My kid wanted nothing to do with flagship, or any state school because they are huge. She only wanted small schools that feel like a little community with shared values. All the stereotypical college experiences those schools don’t have (frats/sororities, big time sports), are things she wanted nothing to do with. It kind of reminds me of when I lived in New York and everyone tried to tell me how awesome it was because you could get takeout or do whatever at 2am. I was like, I don’t want to be doing whatever at 2am. She really is my kid. ![]()
Brings to mind the first kid D19 met at NYU, at move-in. Introduced himself as Jack. His parents kept calling him “John” during the parent tour. Apparently it was the same name as his father and this was his chance to be his own person.
I don’t know about reinventing herself, but D26’s private high school is a small, homogeneous bubble where she’s been attending for 14 years (did an extra year after kindergarten) – and she doesn’t quite fit in. She friendly with a lot of kids, especially the band/theatre kids, but she doesn’t have tight friends.
She definitely wants to break out and go somewhere completely different, and our state flagship was never on the table. But partially that’s because it’s a giant SEC school with big sports and Greek life, and that’s not who she is at all.
(The marching band thing causes a conflict, because that’s where you find marching band – at a big school with sports.)
Anyhow. She’s still soul-searching for the right kind of fit. Small schools are out because she very adamantly doesn’t want High School 2.0.
She sees the sort of friends that her older sister has found in college, and she’s hoping for that – which is why she’s really trying to think out her college choices.
I dated a woman in college who gave herself a completely new name when she got to college. Family and everyone from home knew her by a different name. Knew her for months before I learned that. Wife’s best friend went by her Korean name in college after using a bland American name all growing up.
My sister did that but for grad school. Had always been one name growing up (her given middle name), had a nickname that very close people knew her as, and then changed to her original given first name. It is still weird to me that most people call her by her formal given name now.
I think part of this may be the cheer thing. At our state flagship, there would be a few others on the team that she’s cheered with over the years.

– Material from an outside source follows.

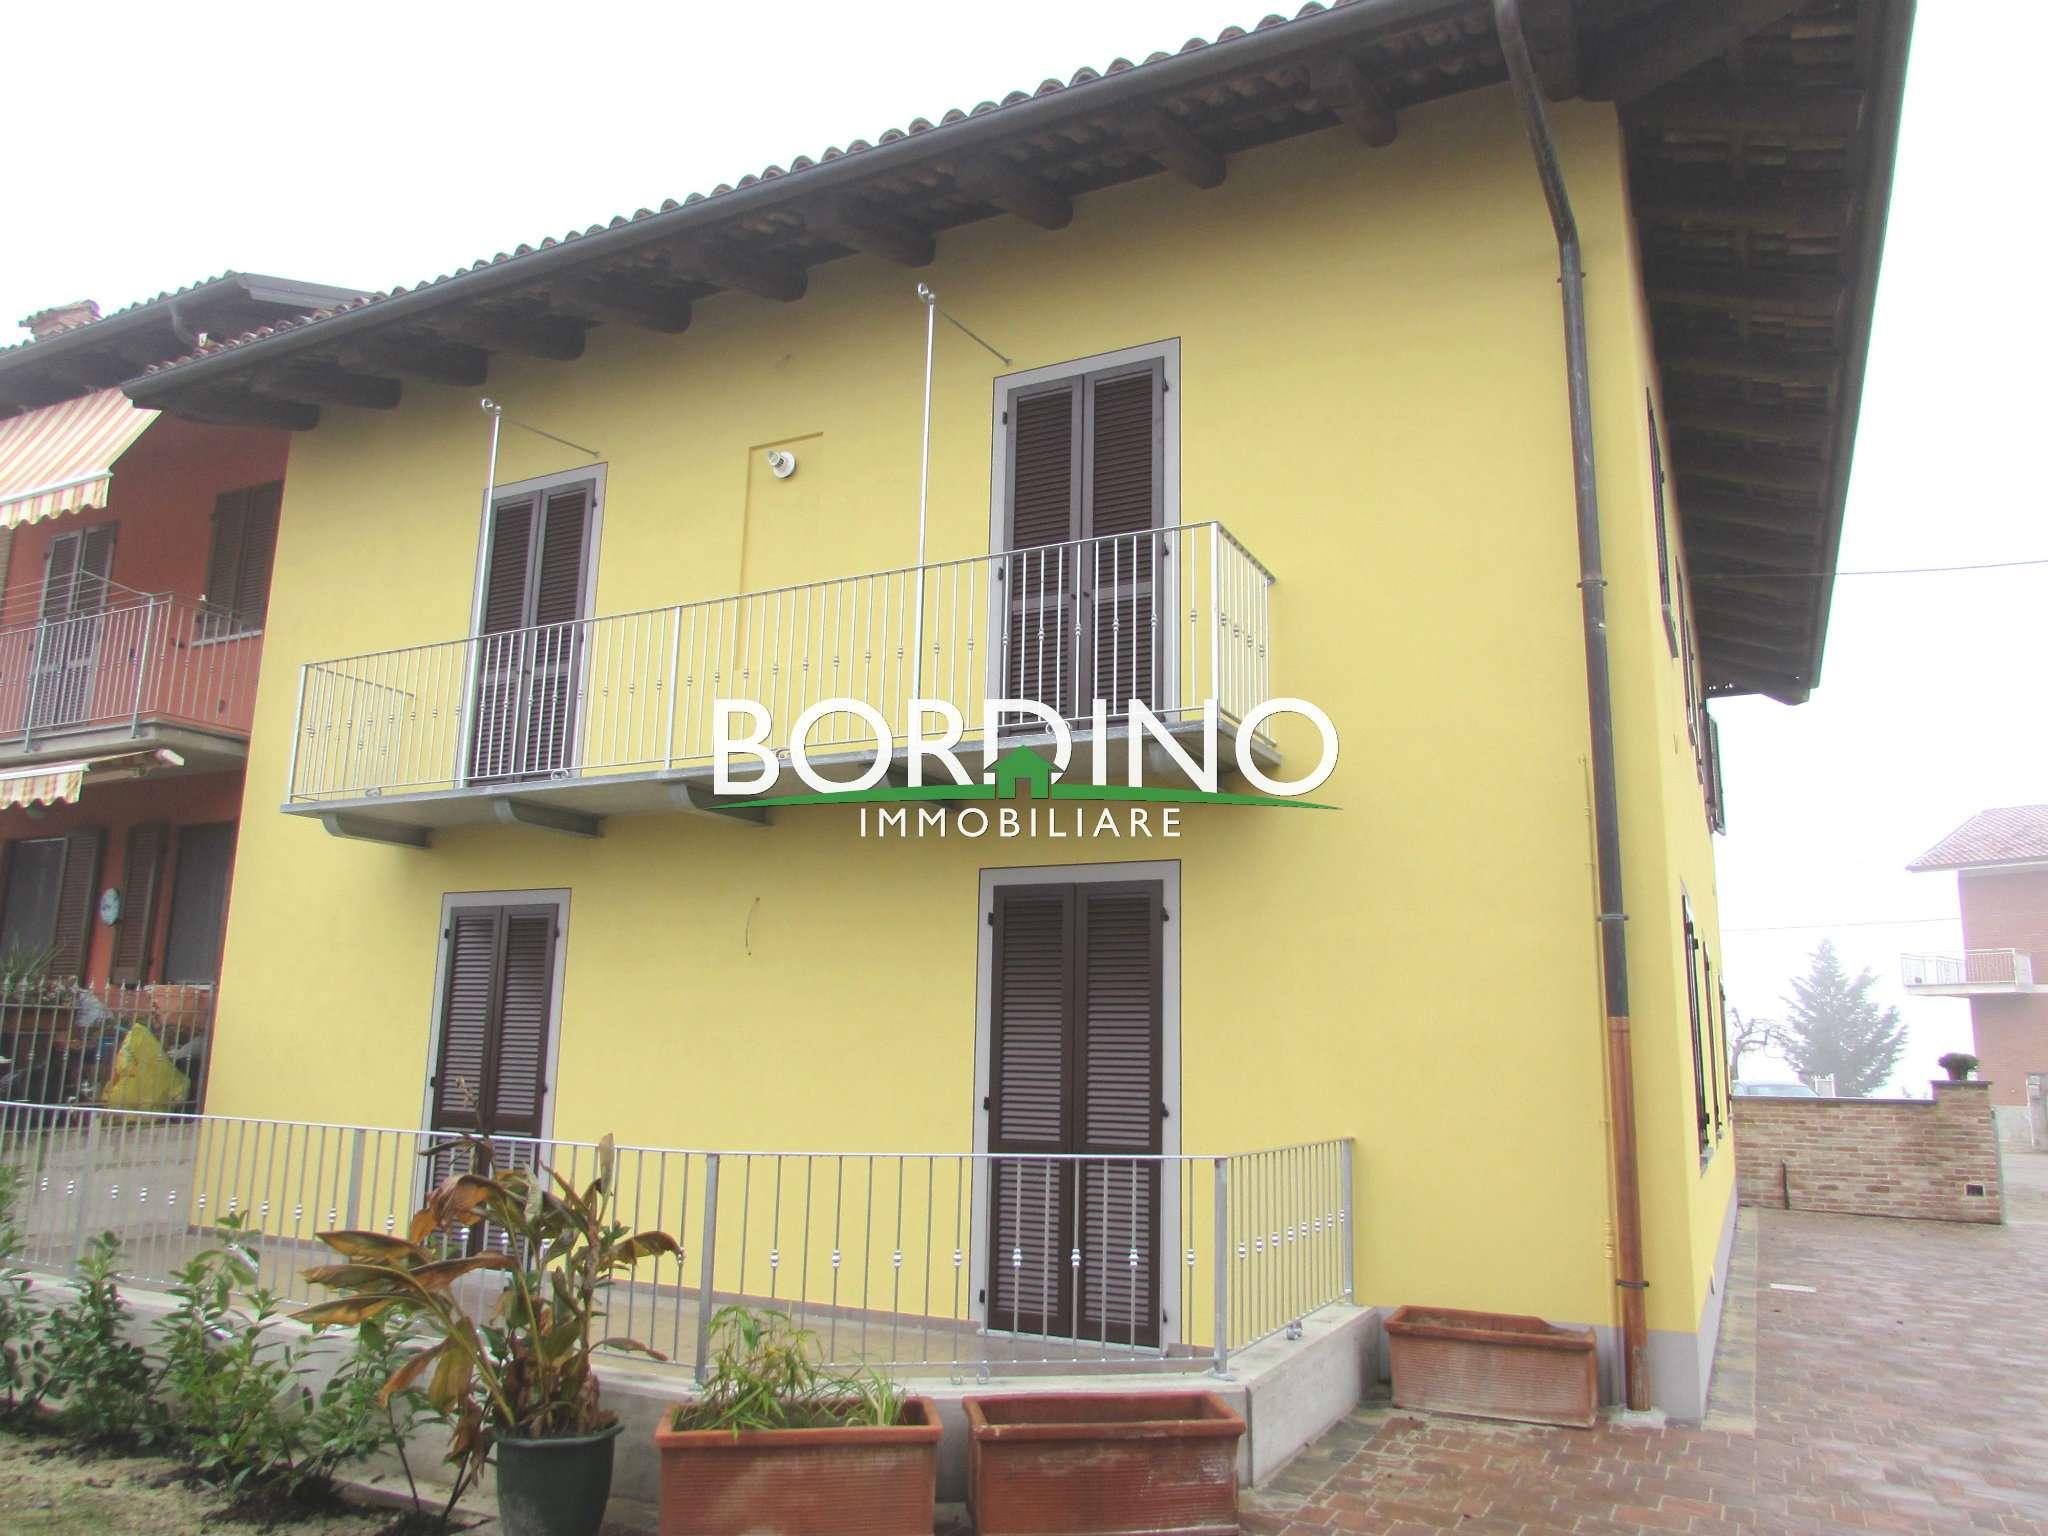 Appartamento in affitto a Magliano Alfieri, 2 locali, prezzo € 400 | Cambio Casa.it

I’m with you on this. People used to complain about how everything in Boston shuts down at 1 am and in NY you can do whatever all night long. I was always like, “yeah, I prefer not to do whatever all night long. I’m good with sleeping after 1 am”.
Sounds like she’s being very deliberate about it and she’ll land in the right place for her!
Mine wants nothing to do with her state school or anything close to here - she really just wants to explore and do something different. (Also she says we live in a boring area -haha! It is very ‘suburbia’). Right now her best option is still in the midwest -but she’s hoping for some news from one of the coastal schools. She just wants something COMPLETELY different!